139. The method of any one of claims 105-138, wherein the HSPC population is allogeneic to the human subject.

140. The method according to any one of claims 105-139, wherein the HSPC population is obtained from a donor HLA-matched to the human subject.

141. The method according to any one of claims 105-139, wherein the HSPC population is obtained from a donor that is HLA-mismatched to the human subject.

142. The method of any one of claims 105-139, wherein the HSPC population is obtained from a donor that is haploid concordant with the human subject.

143. The method of any one of claims 105-142, wherein the population of cells comprising tregs is allogeneic to the human subject.

144. The method of any one of claims 105-143, wherein the population of cells comprising tregs is obtained from an HLA-matched donor to the human subject.

145. The method of any one of claims 105-143, wherein the population of cells comprising tregs is obtained from a donor that is HLA-mismatched to the human subject.

146. The method of any one of claims 105-143, wherein the population of cells comprising tregs is obtained from a donor that is haploid concordant with the human subject.

147. The method of any one of claims 105-146, wherein the Tcon population is allogeneic to the human subject.

148. The method as defined in any one of claims 105-147, wherein the Tcon population is obtained from a donor HLA-matched to the human subject.

149. The method as defined in any one of claims 105-147, wherein the Tcon population is obtained from a donor HLA-mismatched to the human subject.

150. The method of any one of claims 105-147, wherein the Tcon population is obtained from a donor that is haploid in relation to the human subject.

151. The method of any one of claims 105-150, further comprising administering to the human subject a Graft Versus Host Disease (GVHD) prophylactic agent.

152. The method of claim 151, wherein the GVHD prophylactic agent is tacrolimus or sirolimus.
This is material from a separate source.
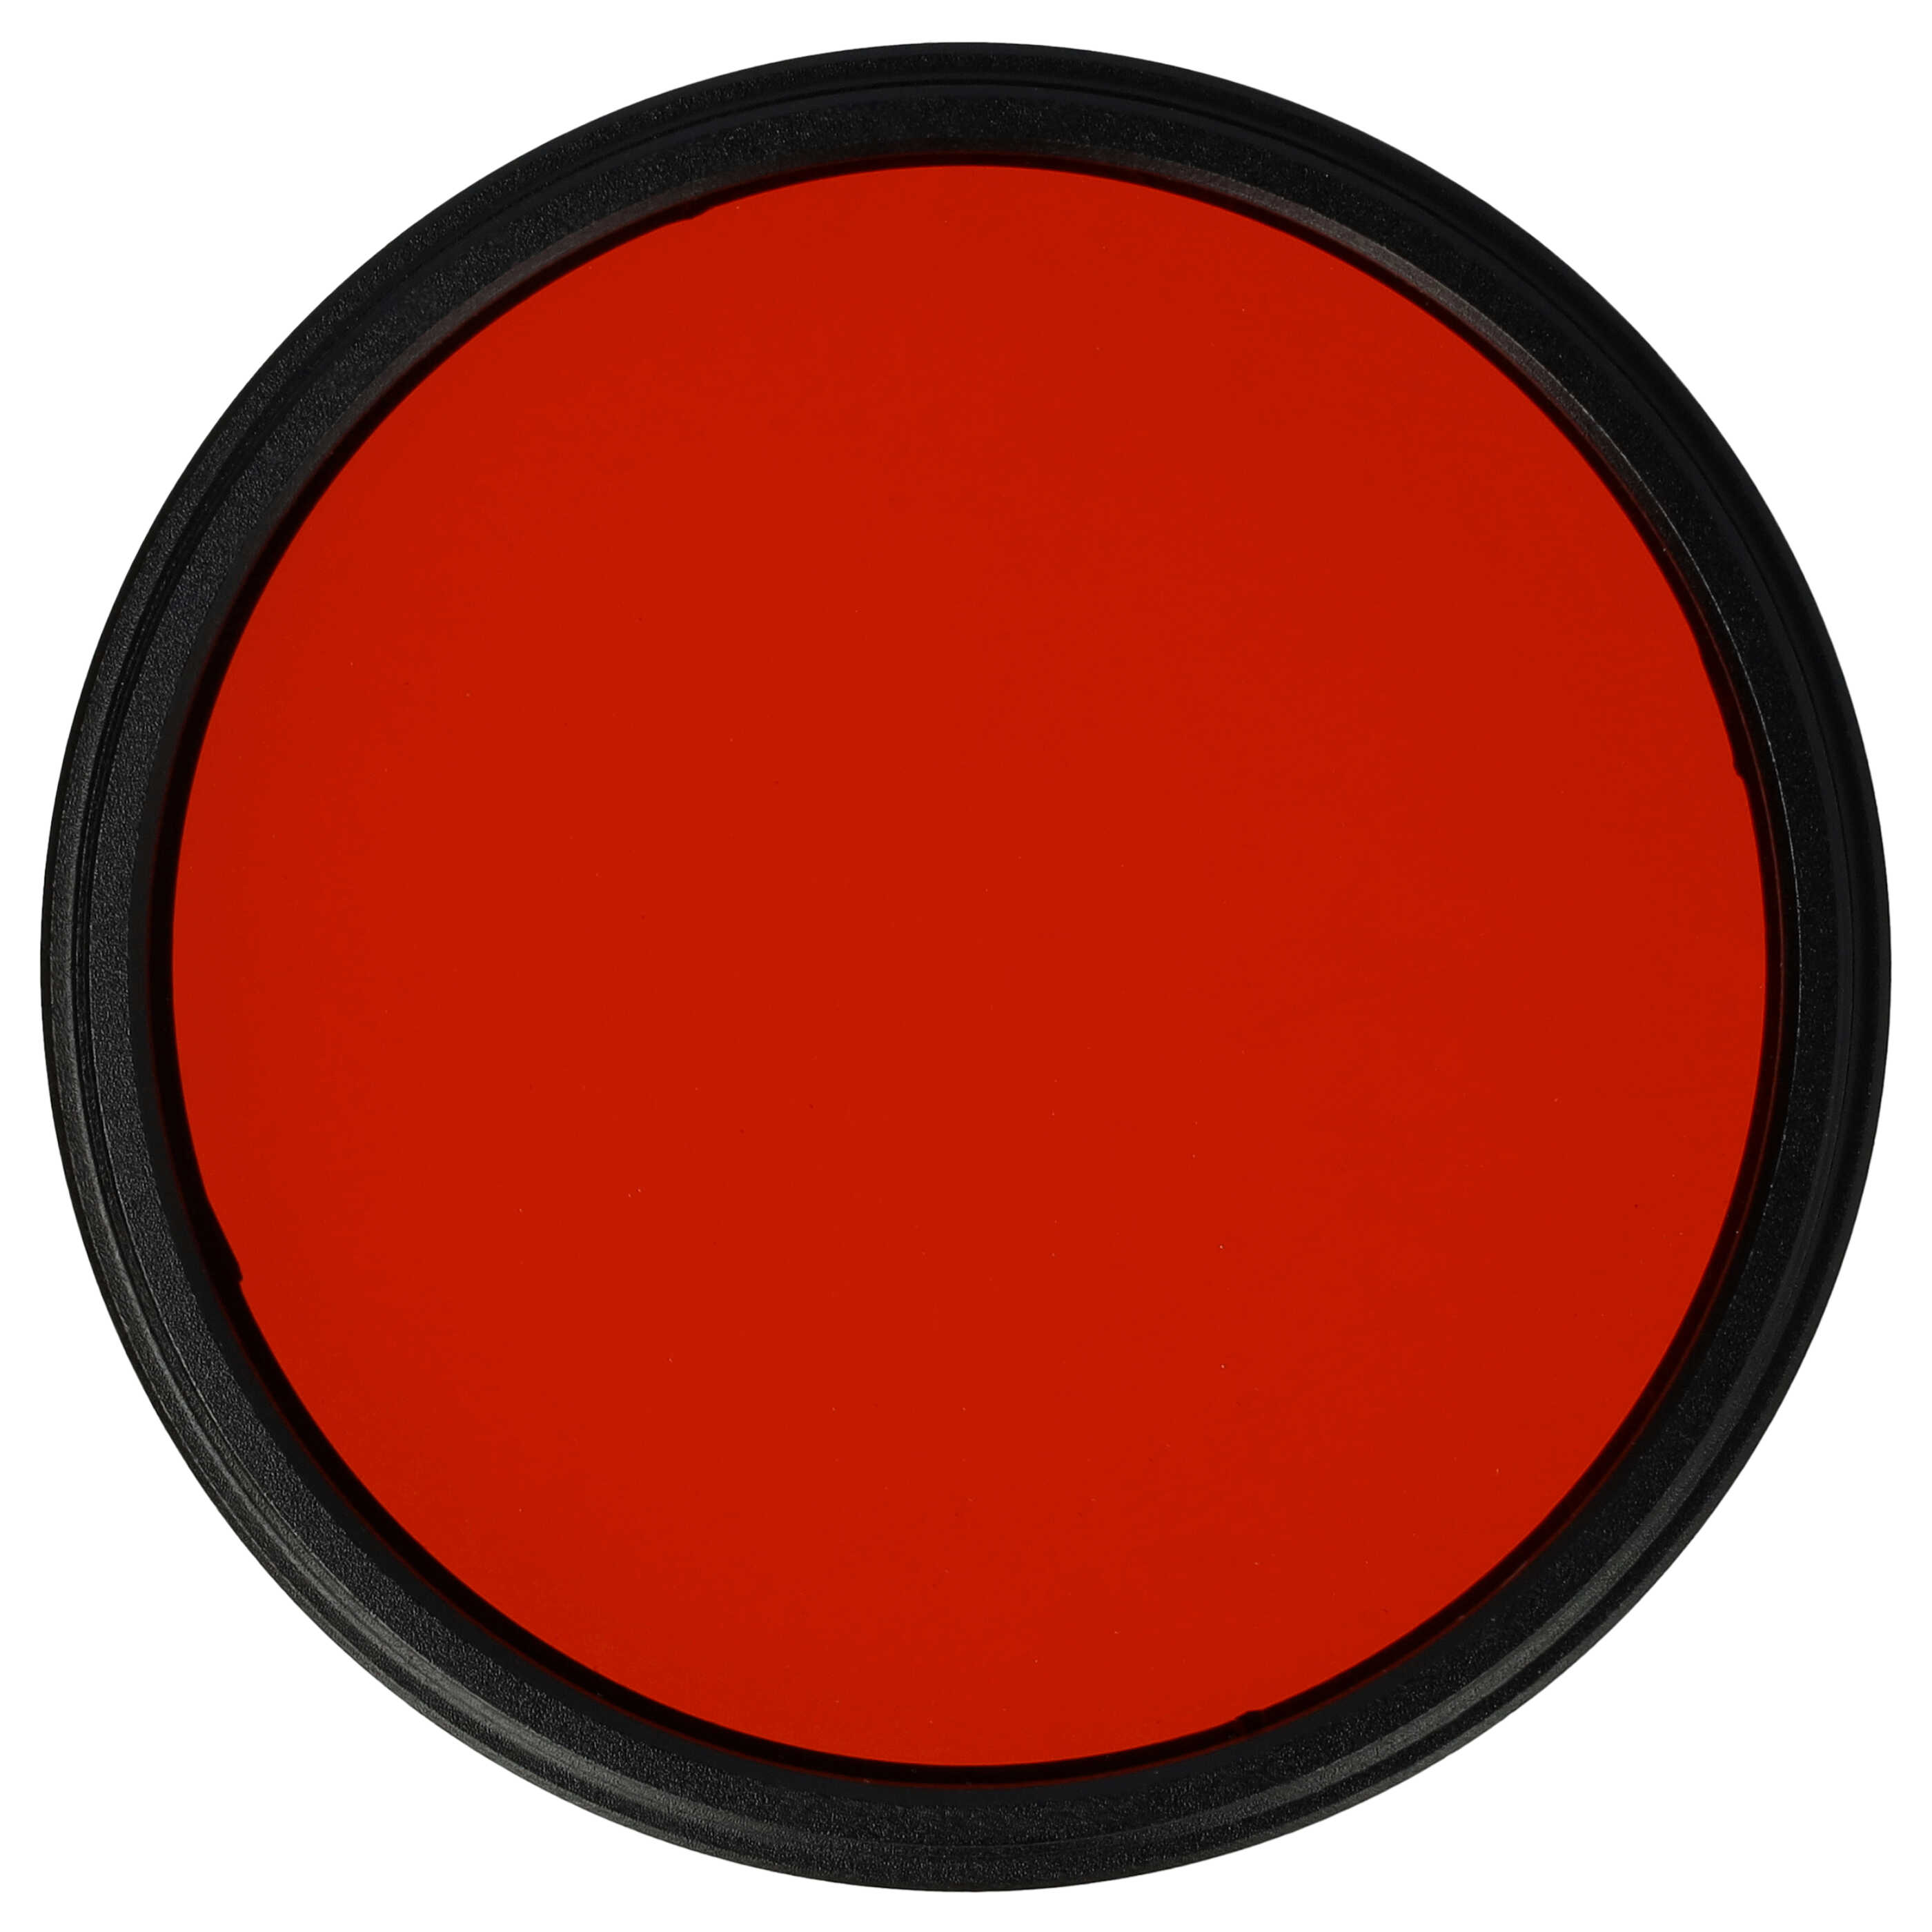 Farbfilter orange passend für Kamera Objektive mit 58 mm Filtergewinde - Orangefilter

153. The method of any one of claims 105-152, wherein the population of cells comprising tregs is not cryopreserved prior to the administration thereof.

154. The method of any one of claims 105-153, wherein the Tcon population is cryopreserved prior to the administration thereof.

155. The method of any one of claims 105-154, wherein the Tcon population is obtained from peripheral blood.